So I am still thinking about literacy. Chris and I have been taking steps to gain further knowledge about our bodies, nutrition and finances. But, just when I think I may be starting to grasp some of these things that I deem to be the literacies of adulthood, I am confronted by even more literacies of adulthood that I don't possess. Like cars for example. I just can't seem to gain a working and competent knowledge of cars. There was an incident a few weeks ago where Chris was driving and the oil light came on and he had to add more oil. I thought that some big, catastrophic disaster was about to occur with this car, my first car, only to find out after two hours at the mechanic today that things are just fine and I should get in the habit of checking and topping off my oil in between my 3000 mile oil changes.
Seriously!?!
How did I make it to 27 having never heard of this perfectly normal thing to do.

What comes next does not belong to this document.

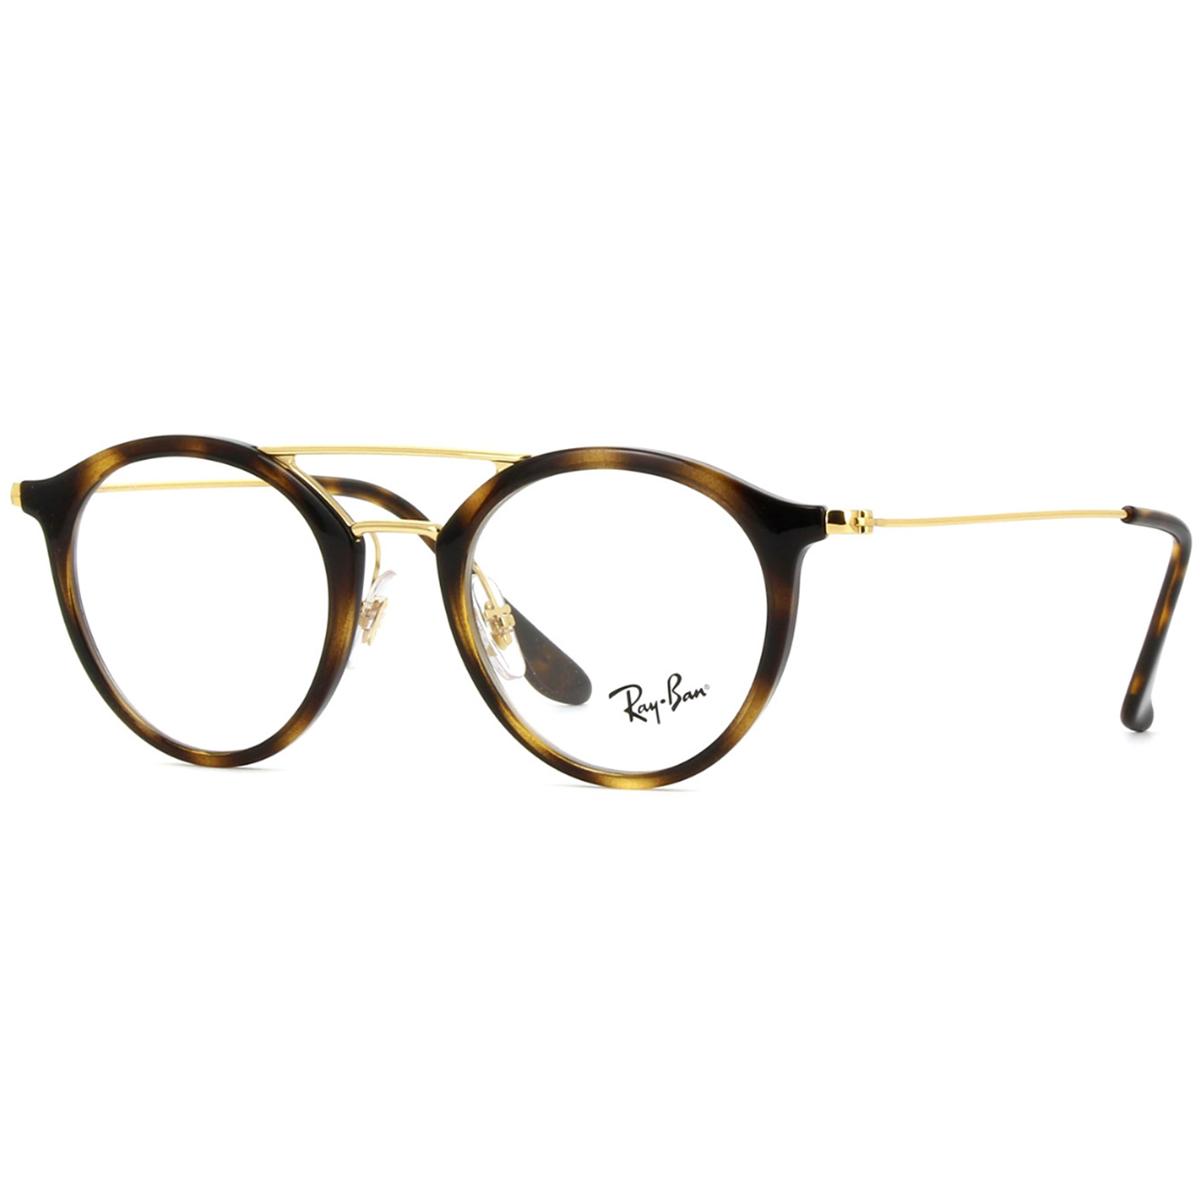 a439558cca129 Óculos de Grau Ray Ban RB7097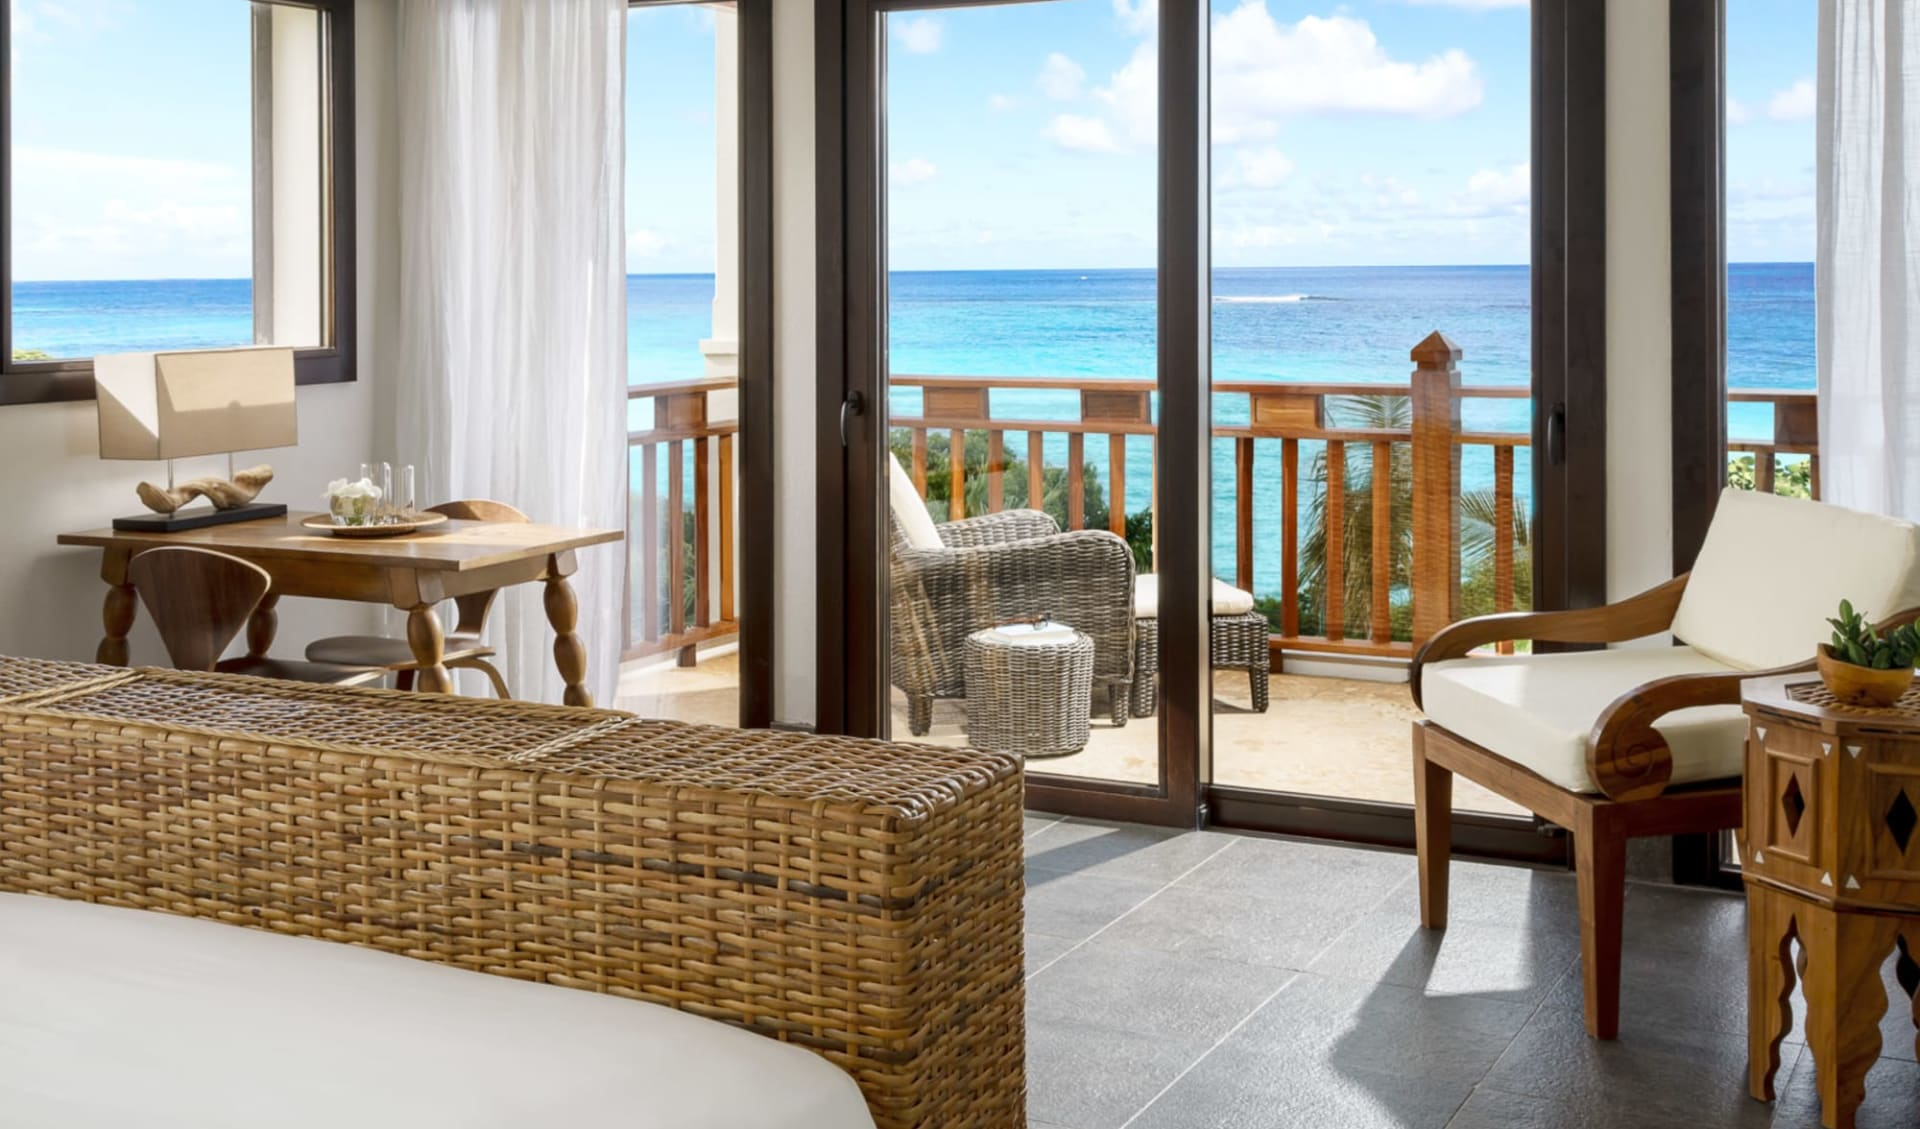 Zemi Beach House in Shoal Bay East:  Zimmer Zemi Beach House Anguilla - Zimmer mit Balkon cHotel

Sometimes I feel like I encouter situations in my adult life and I get this eerie feeling that I have been living under a rock for a few years and have missed the learning or info on the subject at hand. I come out from under my rock dwelling into a fog of confusion and begin to doubt my compitency to function as an adult. But alas, I realize that I haven't been gone anywhere, I have been right here, struggling through all of the new learning of this phase of life and my confidence is renewed because, hey, I have made it this far after all, I may as well just go a little further. I have heard it said that the twenties are the MOST DIFFICULT time of life in terms of the learning curve being VERY steep. Steep it is indeed. But, I am also certain that it will have been worth all the work, struggling, pondering, questioning and doubting for the strength and courage that it has grown and is growing in me.